並みの奴らならここでむやみな面倒をさけて退散するところだが、この三人はどうにもたちの悪い底意地の張った奴らだ。先ほど背後にいた巨漢は大型のジャックナイフを誇示して気色ばんだ。
今にも飛びかからんばかりの気迫だ。既に群衆が周りに人垣を作っていた。
私は糸東流空手仕込みのサンチン立ちで構えた。

 糸東流は戦前の沖縄で、開祖である摩文仁賢和の手により生まれた流儀で、単に突き蹴りだけ
では
なく投げや逆技も包含した総合武道である。

 私が糸東流空手に出会ったのは、高校時代だった。戦争が終わって世の中が少しずつ秩序を取り戻し始めると、戦争中関東からの引揚者である我が家も母の血の滲むような苦労が実って多少は裕福な暮らしができるようになっていた。
母の切盛りする“はやた衣料店”は、町に10軒ほどあった衣料品店の中で最も大きな店になっていた。私は熊本県城南の雄、八代高校に入学して希望に燃えていた。

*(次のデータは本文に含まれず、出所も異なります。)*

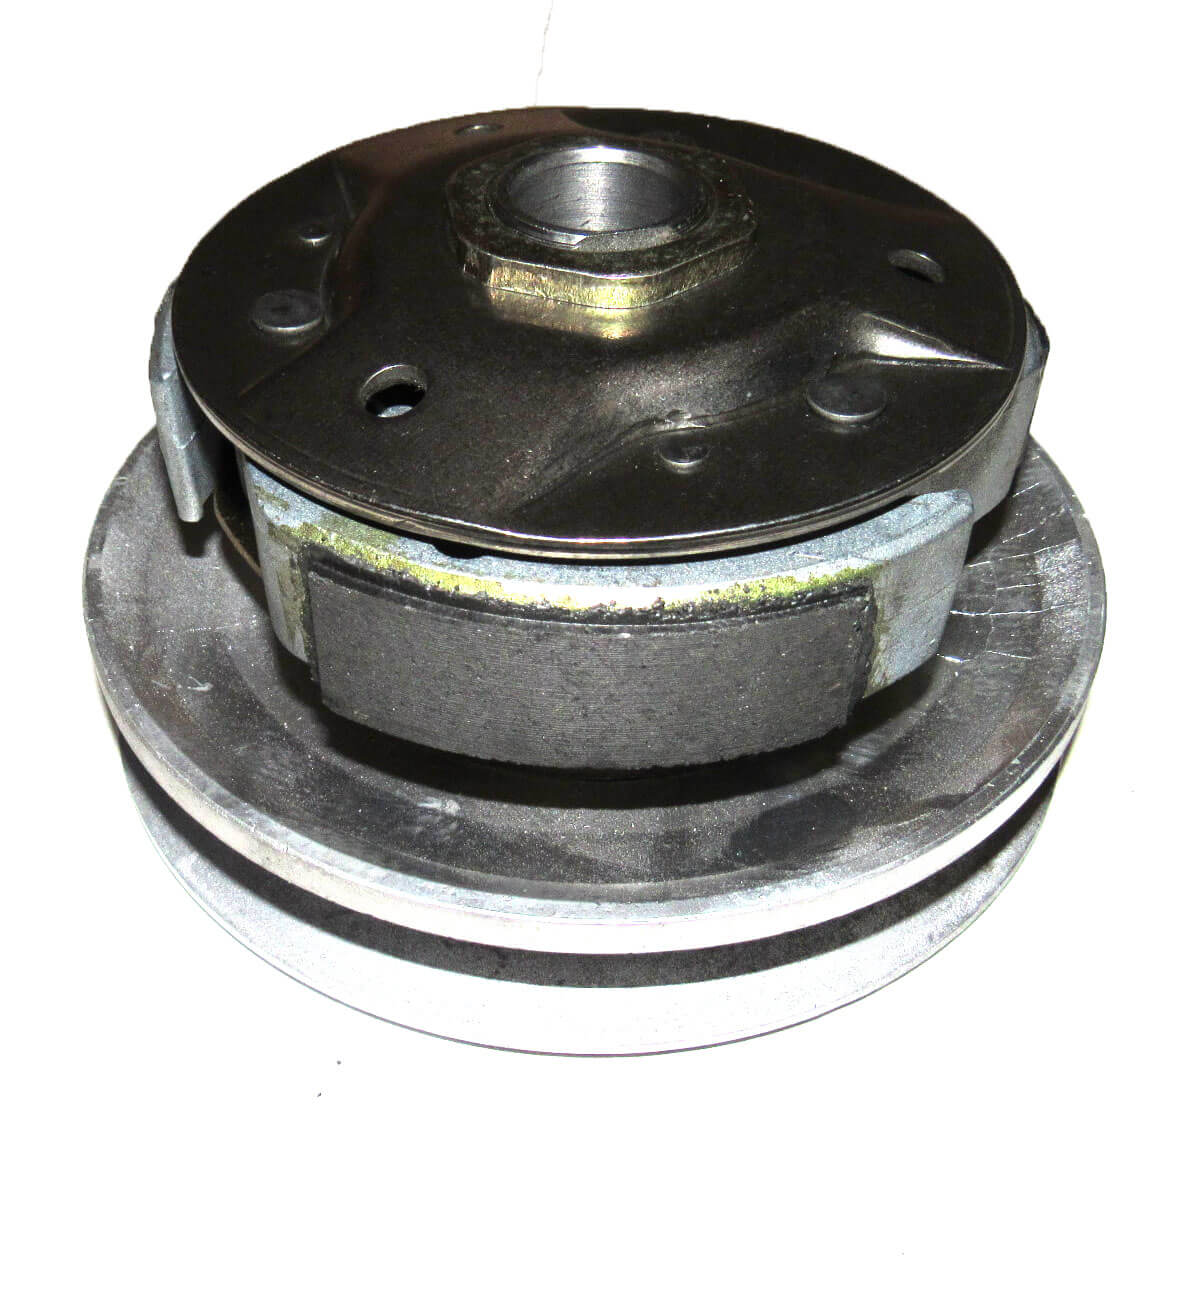 Rear Drive Clutch-Driven Pulley Fits Most 250-300cc GY6 Chinese ATVs, GoKarts, Scooters, UTVs Bell ID=135 Shaft=15 Splines=19

 入学直後の十五才の春、学校帰りに八代駅近くの通学路で他校の不良グループに呼び止められ、因縁をつけられて三発殴られた。エリート意識が芽生え始めていたその当時の私にとって、それはとても我慢できるものではなく悔しさのあまりその夜は一睡もできなかった。
その夜、強く文武両道の思想に目覚めた。この翌日からボクシング部の先輩のところに通い、また空手部にも入り、ケンカのやり方を猛特訓した。そして、その一ヶ月後に、自分が殴られたのと同じ場所でかの男を呼び止め、球磨川の河原へ移動した。
敵味方十数人が囲む円陣の中で二人の決闘者が対峙した。拳闘の形で構えた私に敵は猛然とストレートを放ち突っ込んできた。私も一歩足を踏み出し、ボクシングの右アッパーカットをカウンターであわせた。ものの見事にそのカウンターパンチは敵の左下あごにきまり、相手は吹っ飛んでぶっ倒れた。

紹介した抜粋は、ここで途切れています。